Planning for college is an exciting time for everyone involved. There is so much to learn, to experience, to explore, and to do! For parents and guardians, the college process can be both stressful and emotional as you gear up for this next stage and watch your child transition into young adulthood. One major challenge of this process can be paying for the rising cost of college. Uprooted Academy is here to walk you through the financial options you have. Let’s get started with this continued ‘Q&A” series on the financial process.
Question #1: What are the ways that I can pay for my child’s college?
There are several ways to pay for your student’s college tuition. Let’s dig in to the different options you have:
The 529 Plan. Parents are able to start contributing to the 529 Plan as soon as their child is born. When you contribute savings to this plan, this money can grow tax-free. Additionally, there are no taxes applied when this money is withdrawn to pay for educational expenses.
Paying out of pocket. If possible, the best way to pay for college is to use any savings and pay as much as possible directly.
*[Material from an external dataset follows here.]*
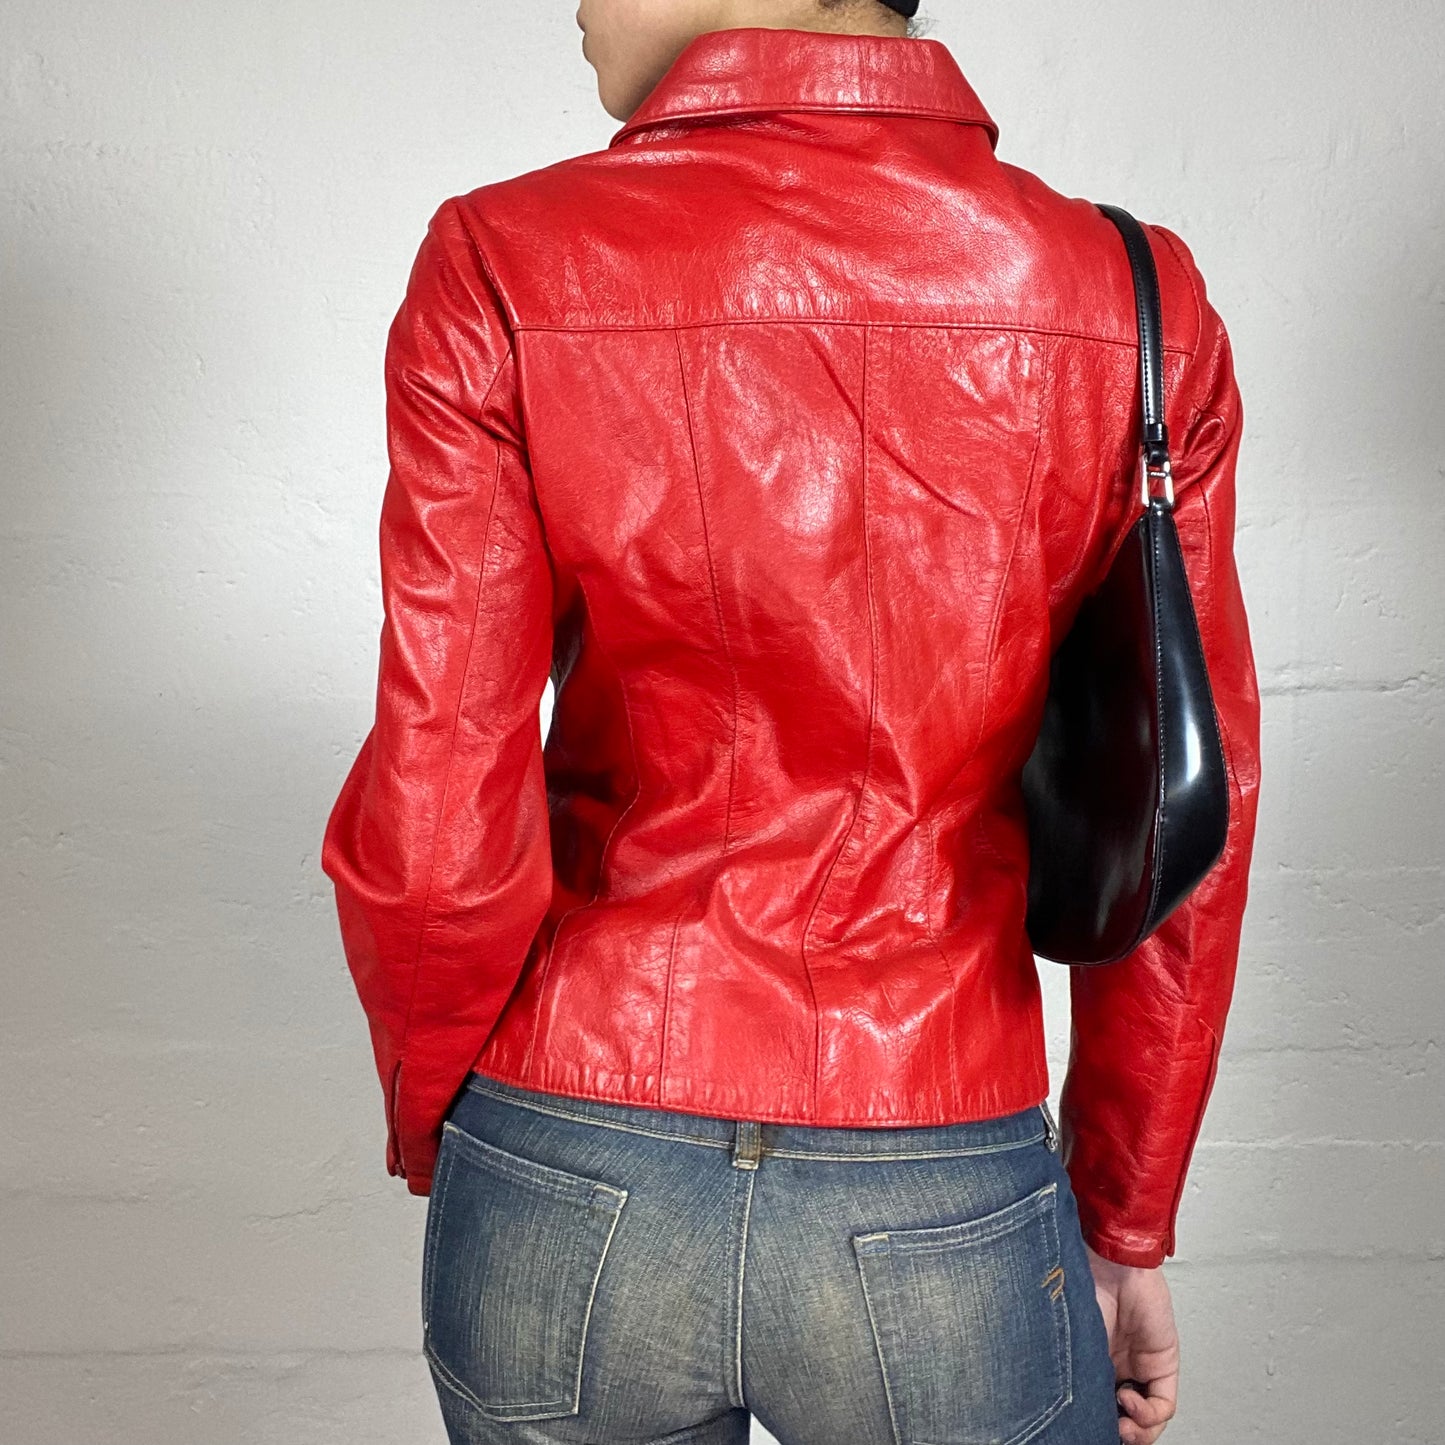 Vintage 2000's Femme Fatale Blood Red Leather Zip Up Jacket (S)

Refinancing your mortgage. Some folks look into options such as refinancing their house. Whether or not this is the best option for you and your family depends on a variety of factors. For example, people with stronger credit scores generally get better interest rate offers on their mortgages, allowing them to save hundreds of dollars a month.
Scholarships. This is financial support that is awarded to students based on a set of criteria required by the scholarship committee. This money does not need to be paid back.
Taking out loans. Help your student begin to seek out scholarships that are relevant to you. This is also a good time to begin to learn more about the FAFSA (Free Application for Federal Student Aid) application process. Discuss with your student who will be responsible for payment upon graduation.
The FAFSA. The first thing to know about the FAFSA is that it is a free reporting tool which will help you determine your EFC (Expected Family Contribution). Your EFC is based on your income, assets, and the number of students you are supporting through college.